The listing below should be reproduced exactly, with the pictures omitted.

Given information:
[Start of section]
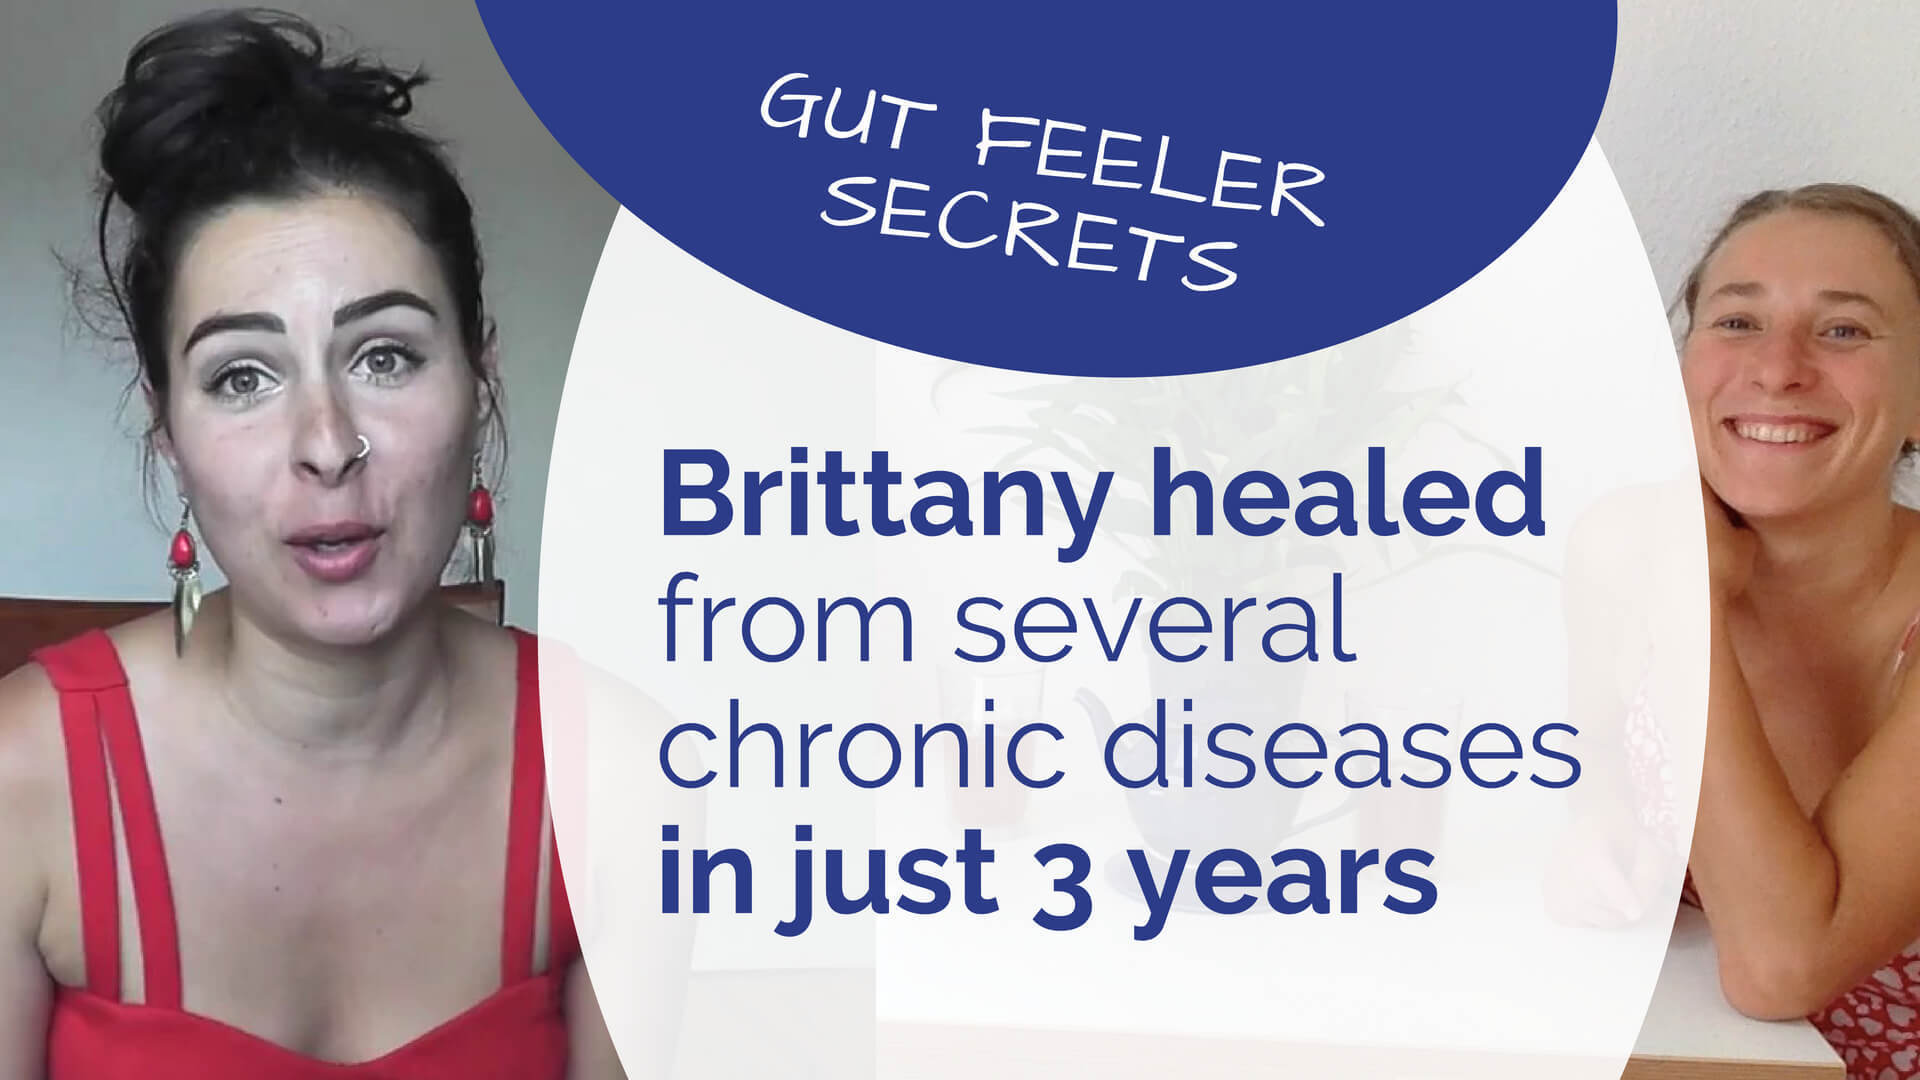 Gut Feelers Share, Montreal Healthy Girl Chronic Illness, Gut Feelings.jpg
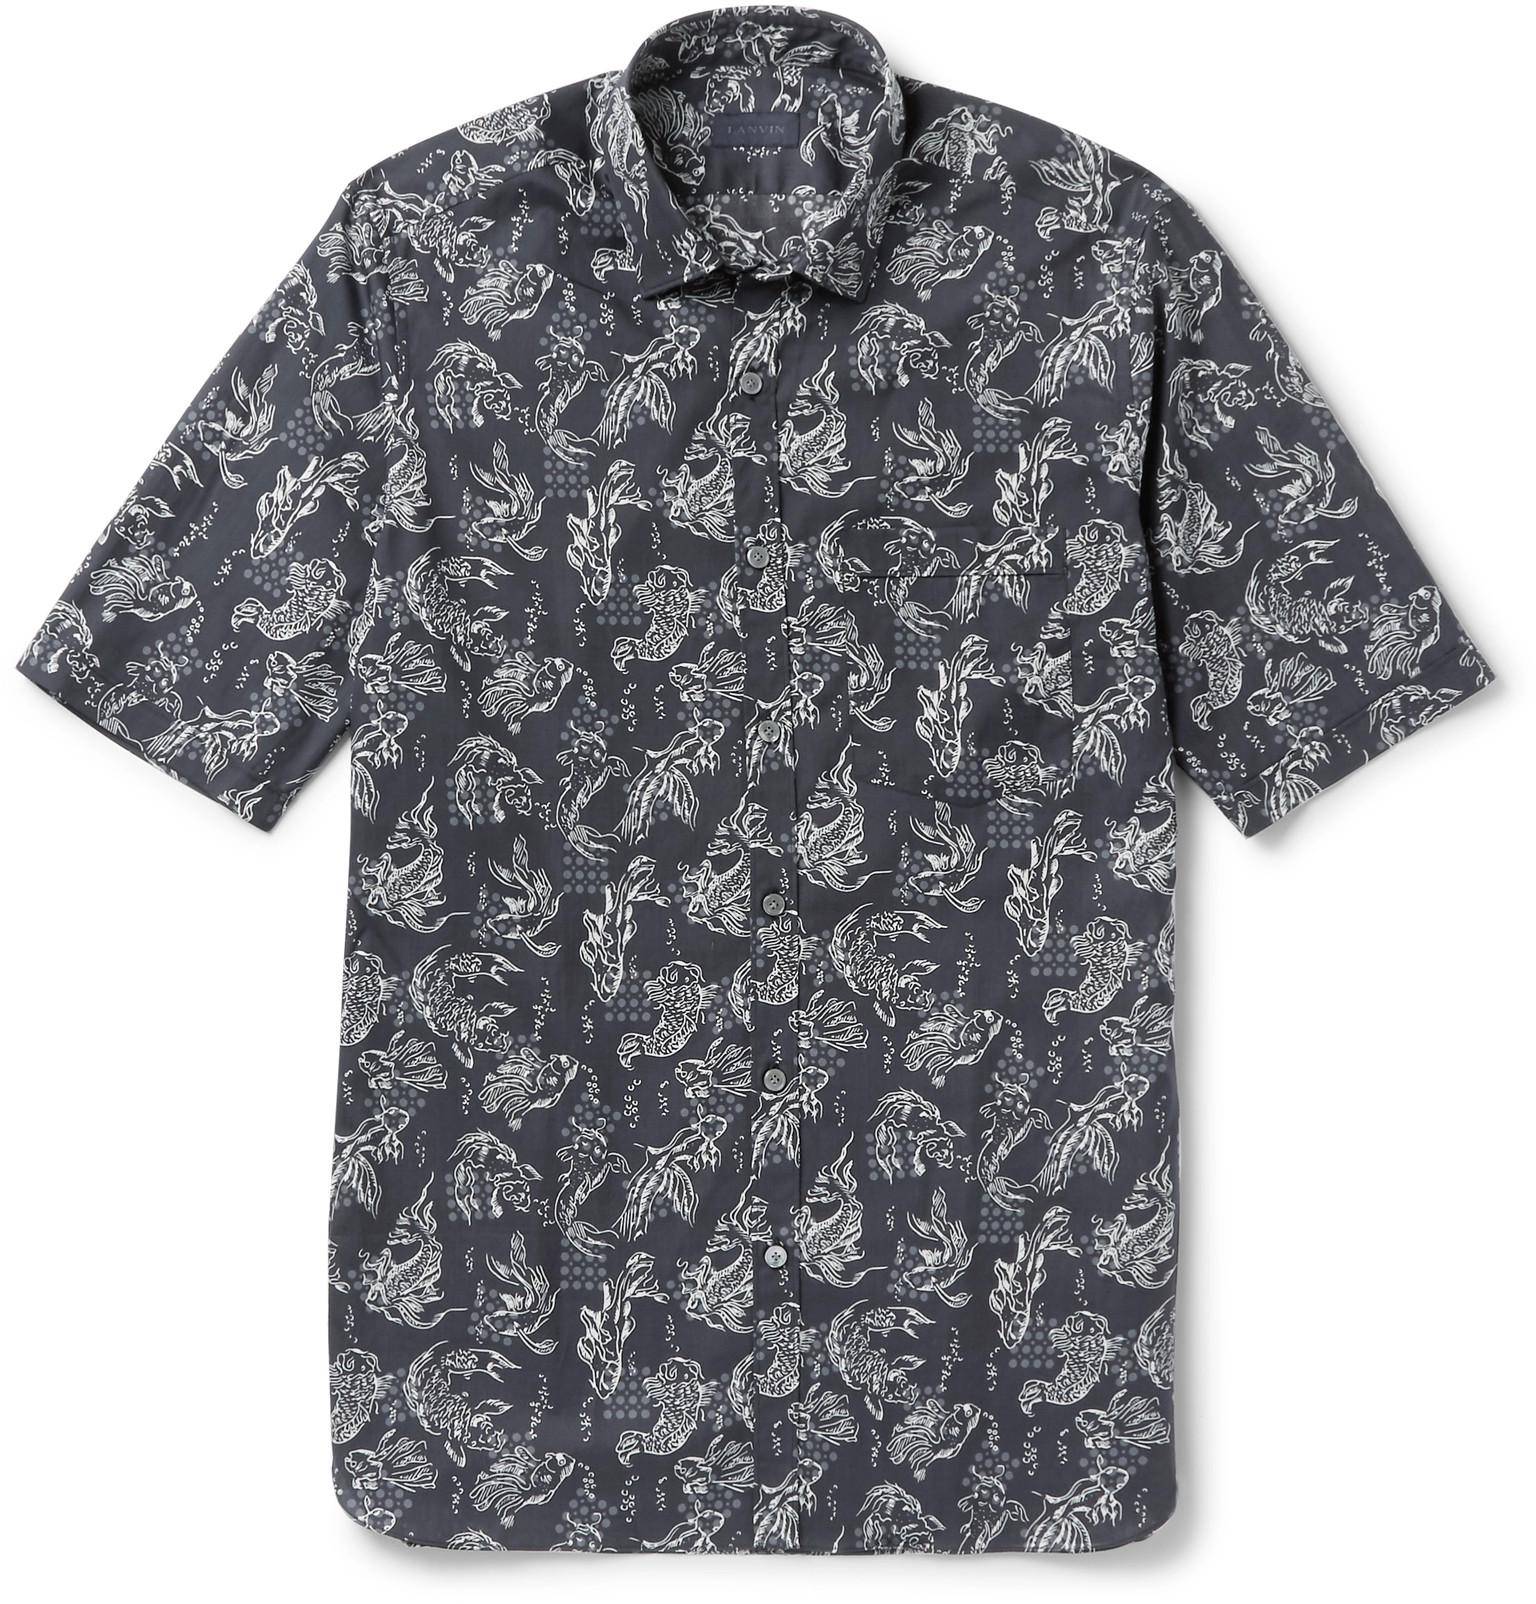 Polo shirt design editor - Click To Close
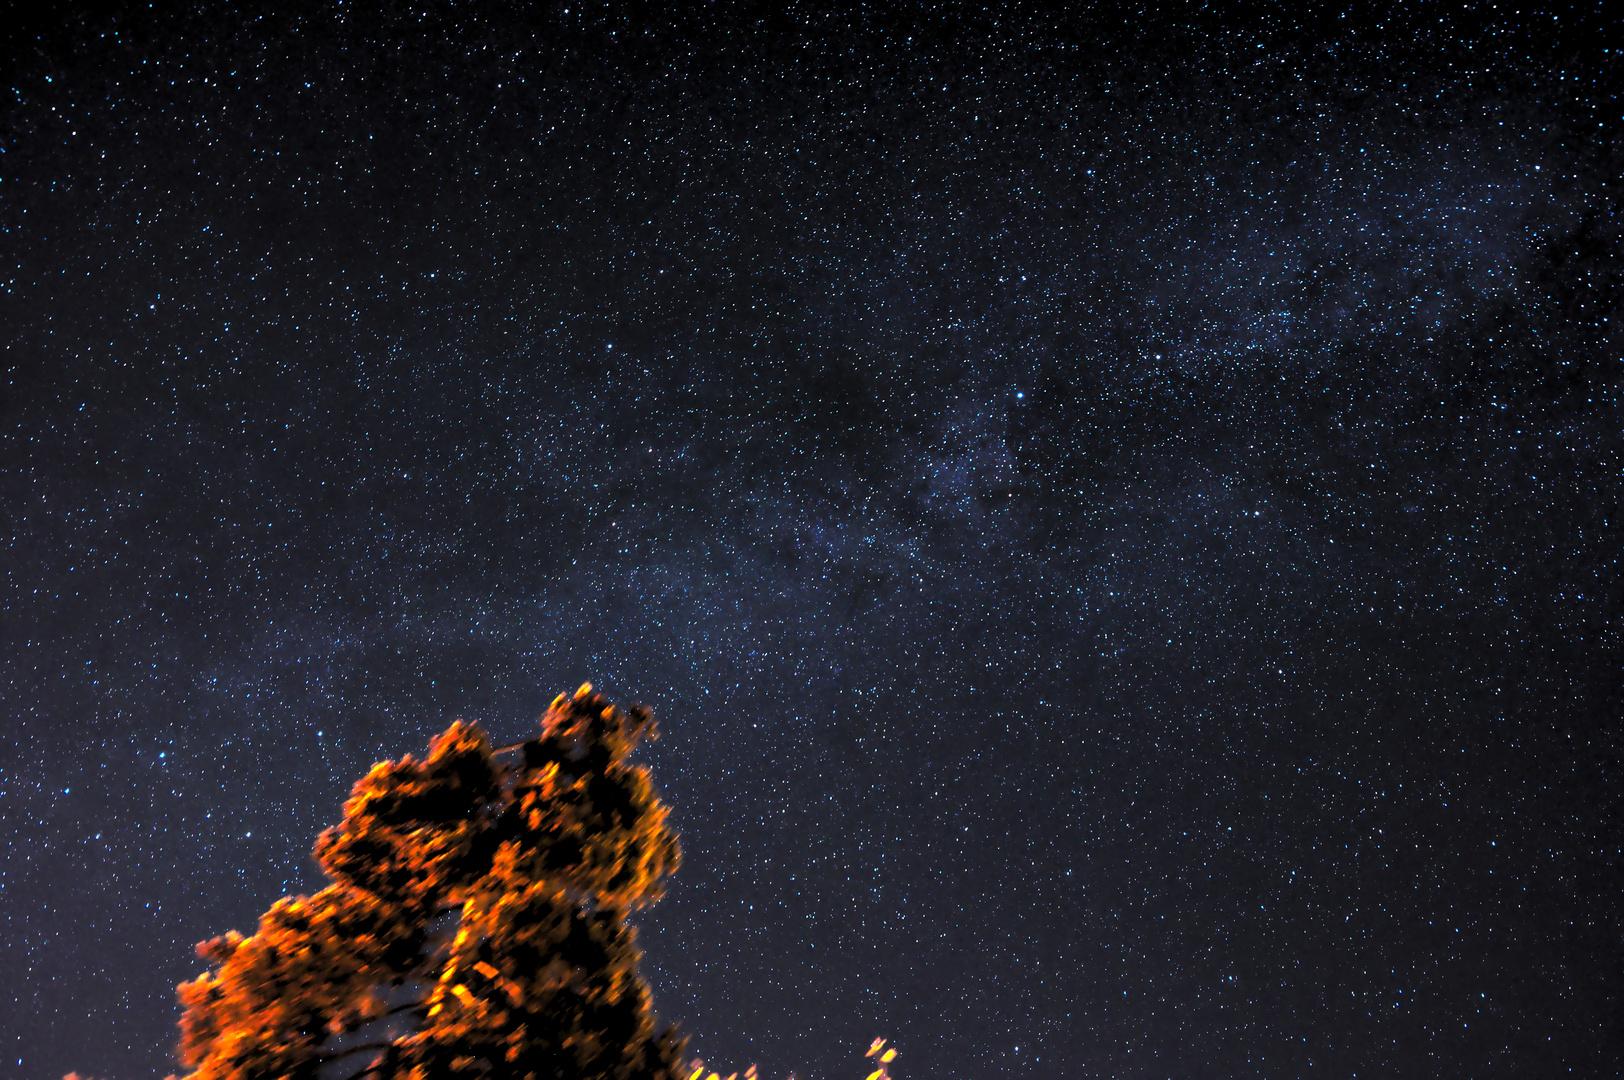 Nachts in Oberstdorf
[End of section]
Written answer:
 Gut Feelers Share, Montreal Healthy Girl Chronic Illness, Gut Feelings.jpg
 Polo shirt design editor - Click To Close
 Nachts in Oberstdorf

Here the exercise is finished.